In view of the results obtained and in the specific context of telling the truth I now aim to use my Strong Will to persevere in the face of uncertainty (that I may actually lose somebody), my Skilful Will to choose my words carefully depending on the person and the situation, and my Good Will to ensure that, telling the truth about my needs and feelings doesn’t deprive others. In practice, this would mean listening to their response and being sensitive and flexible enough to consider (or re-consider) each situation on its own merits. And then it means to freely decide whether, in any particular situation, it is appropriate and reasonable to have their needs fulfilled even if it is at the expense of my own (depending on the magnitude of my need, since not all needs carry equal weight). The challenge and exercise of my Will for me is to persist where it really matters and where the risks are perceived to be great.

Exercising my Will in this particular context was an amazing experience. Willingly doing what I knew to be the right thing to do, doing it despite everything I had ever learned that fed my fears but doing it nevertheless, finding the words and speaking from my heart and – best of all – being heard as intended was uplifting, inspiring and even exhilarating. In fact, with the benefit of hindsight, I can now see that I exercised my Will in two ways:

Discovering that where there’s a will there’s a way was an amazing experience. Not only did I do something I had never done before but I also carried out the second suggestion on Ferrucci’s list of ideas. I performed an act of courage. At least, that’s what it felt like to me.

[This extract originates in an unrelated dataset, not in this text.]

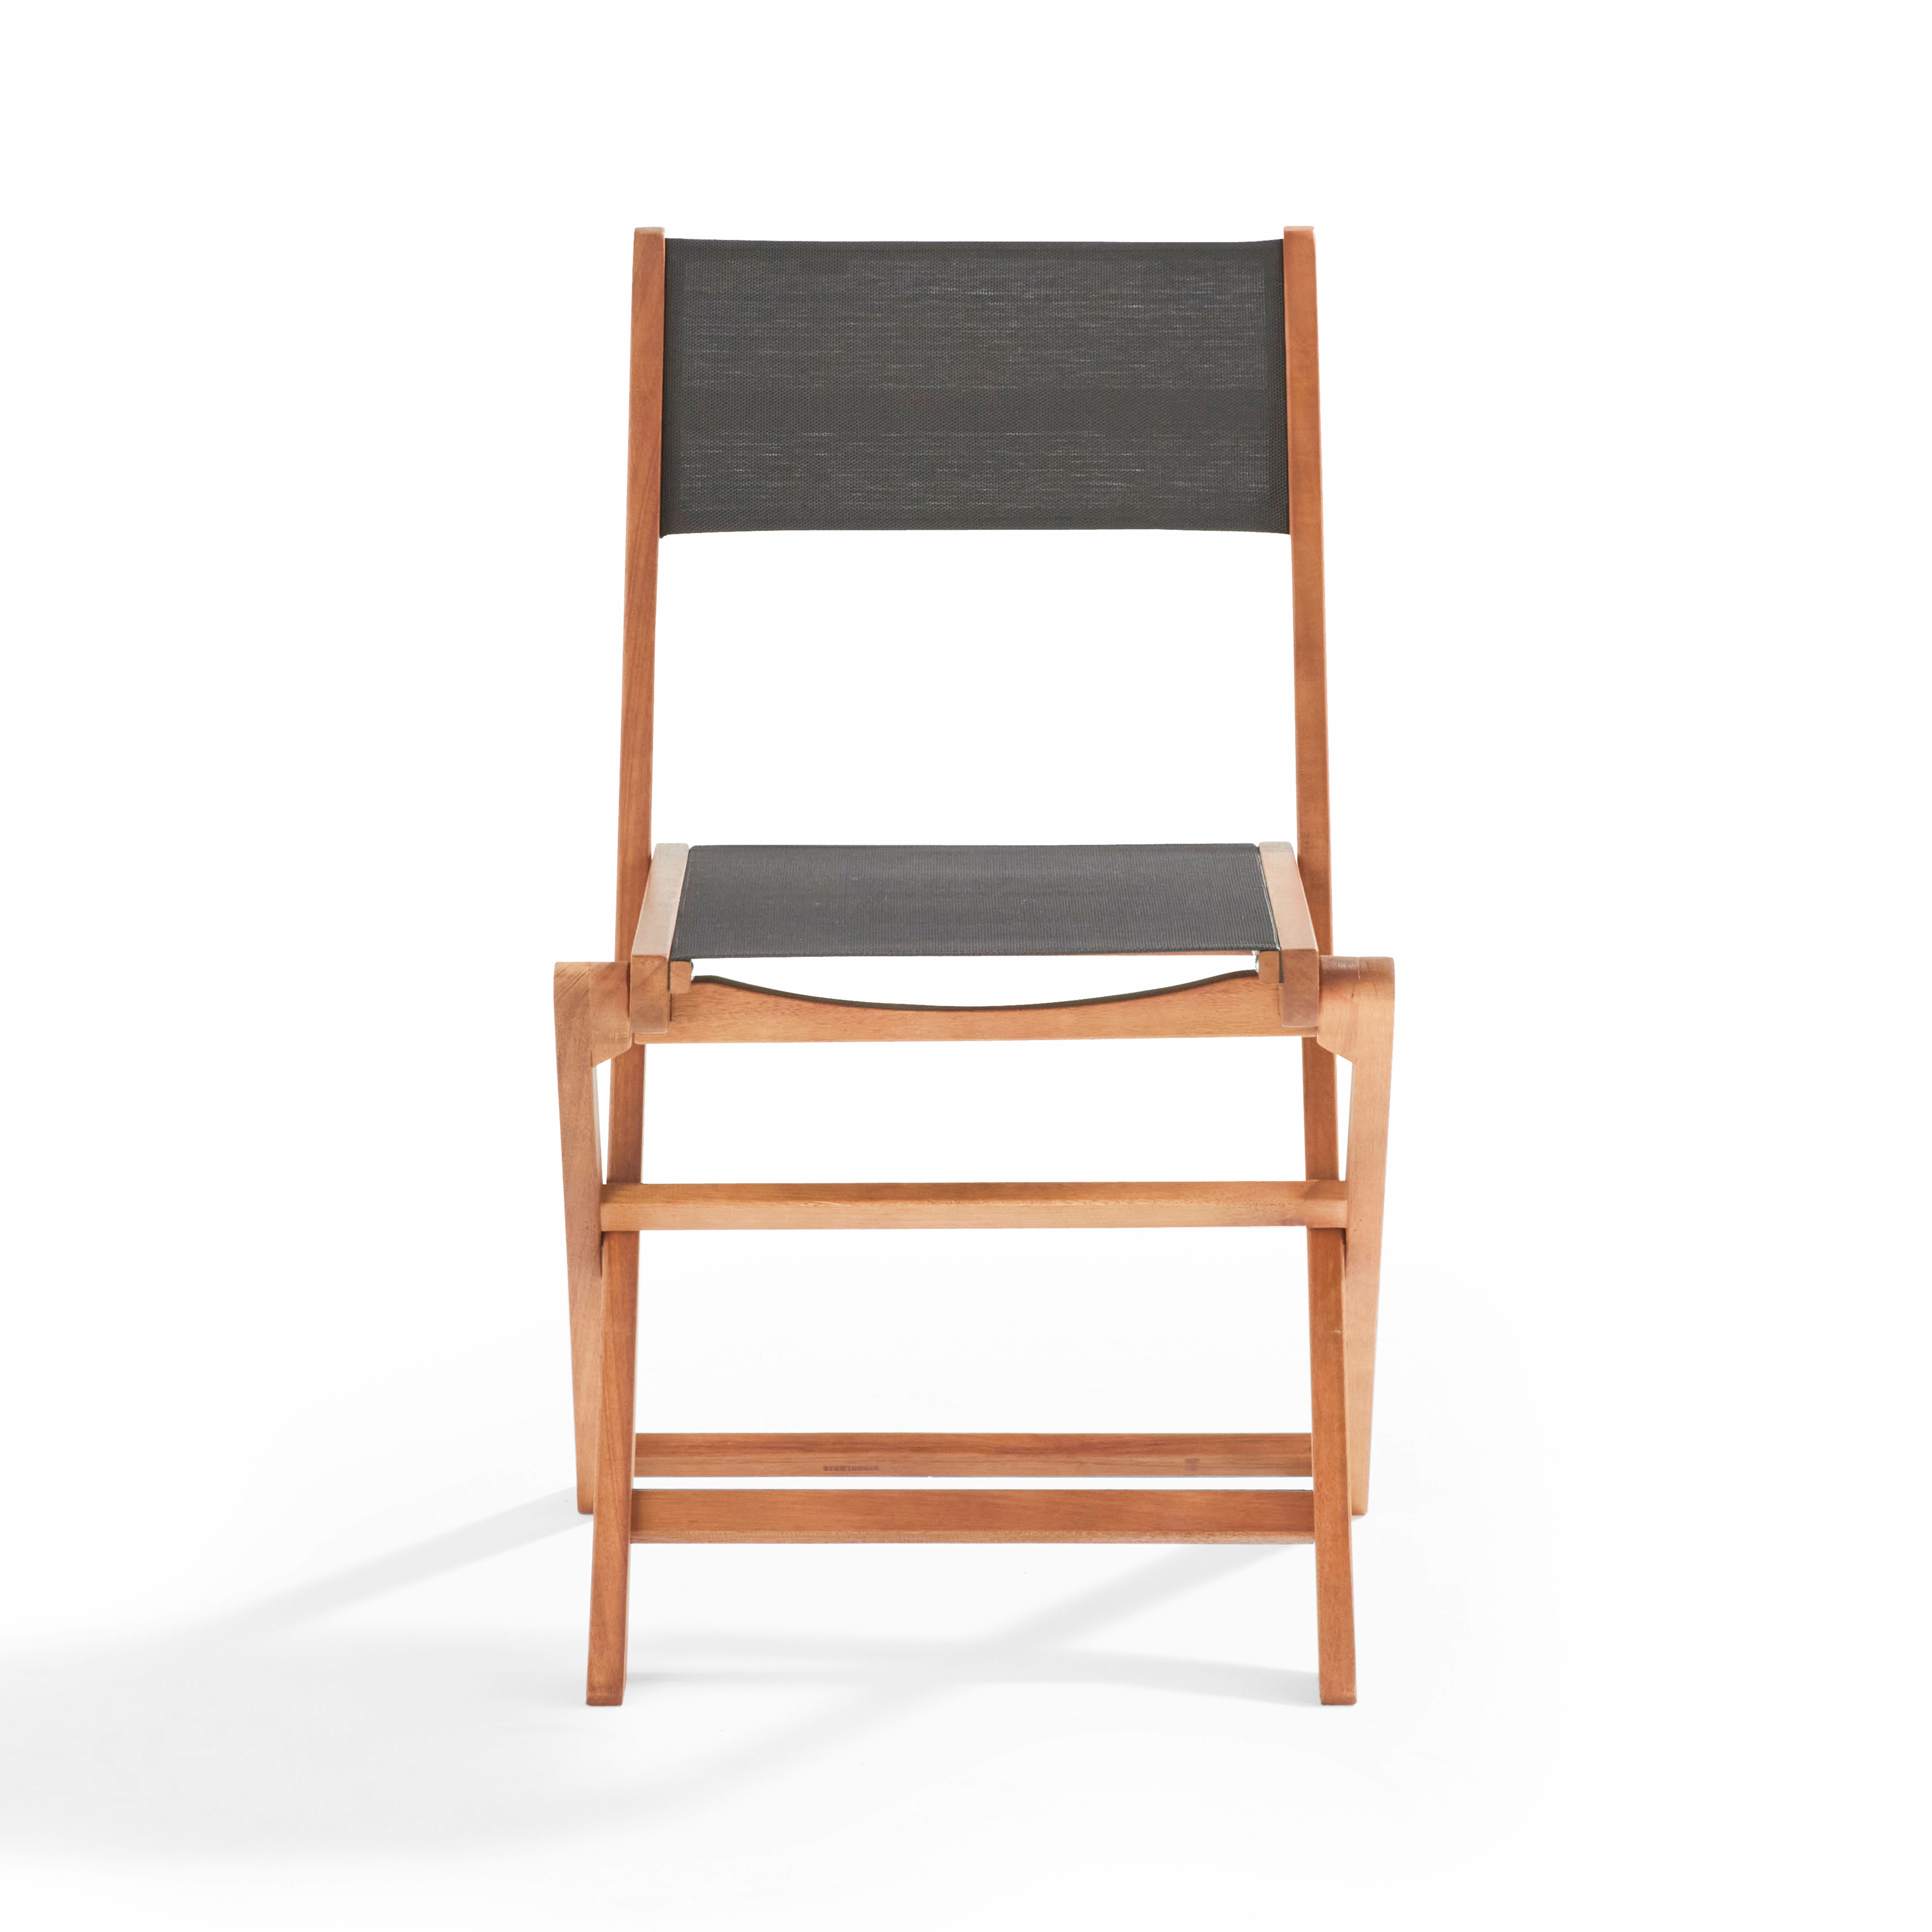 Lote de 2 sillas plegables en madera de teca y textileno color gris topo

Just as Ferucci said, once I started exercising my Will consciously and willingly the whole process seems much less daunting – picking new purposes and continuing to take real responsibility by making conscious choices and looking at all my options without fear – that’s the way I want to go.

I will also listen to his warning not to expect things to always run smoothly (not that telling the truth went altogether smoothly all the time) or to become overly enthusiastic and create an “indigestion of the Will”. But, once my eyes are open to the possibilities, there is no turning back.
My ultimate aim is to exercise my Loving Will, that is, my Strong Will to exercise my energy rather than my “should”, my Skilful Will to achieve the most and the best outcome with the least effort and struggle, and my Good Will to create a win-win situation.